The study looked at cerebrospinal fluid (CSF) test results from a sample of 281 progressive MS patients seen at Mayo Clinic from 2002 to 2007. In general, CSF test results help medical staff when the diagnosis is uncertain. For this study, researchers analysed CSF test results and noticed a relationship between a faster disability rate and abnormally high levels of two proteins — oligoclonal band and immunoglobulin-G molecule.

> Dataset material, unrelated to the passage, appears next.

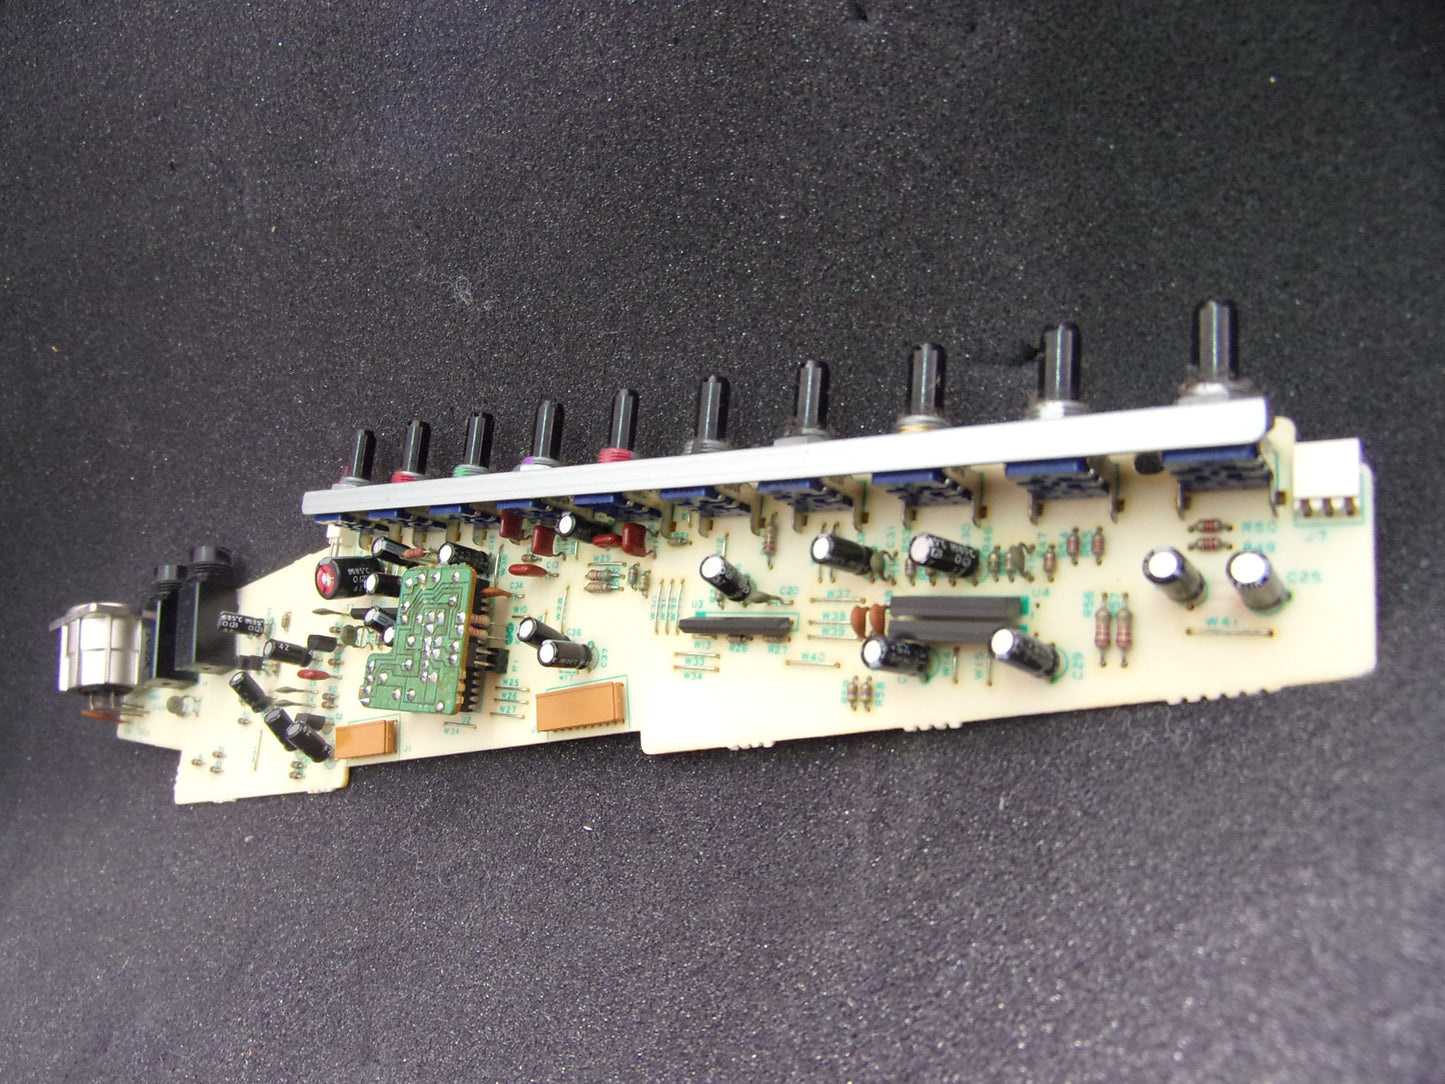 Tascam 688 input channel PCB 52102841-02 or -03

If patients had the progressive form of MS with proceeding relapses, and their CSF results showed an elevated protein, researchers concluded they will have a faster rate of disability.

The study is a significant step forward in predicting disability outcomes, says researcher Junger Tang, M.D., a neurology fellow at Mayo Clinic. The next step is further research to confirm the results, he says.

Source: Health Got Mojo (26/01/16)
There is also an MS-UK story which I could not find in the archives, but which said:
PPMS CSF induces inflammatory demyelination....

Postby MSUK » Fri Aug 15, 2014 6:46 am
Progressive multiple sclerosis CSF induces inflammatory demyelination, axonal loss, and astrogliosis in mice

Cristofanilli M, Rosenthal H, Cymring B, Gratch D, Pagano B, Xie B, Sadiq SA.
The abstract is at http://www.ncbi.nlm.nih.gov/pubmed/25111532

Probably the neurology cartel will publish in Hawaii.

I think it is clear that the cause of MS and of MS disability resides in the CSF. That's why the mouse model with MS patient's CSF works. That's why the ELISA array is so completely specific in testing for MS. Now if they would just start using all those existing MRIs to track atrophy. What are they afraid of? That we might start learning too much about MS, and perhaps endanger the existing $15B drug industry?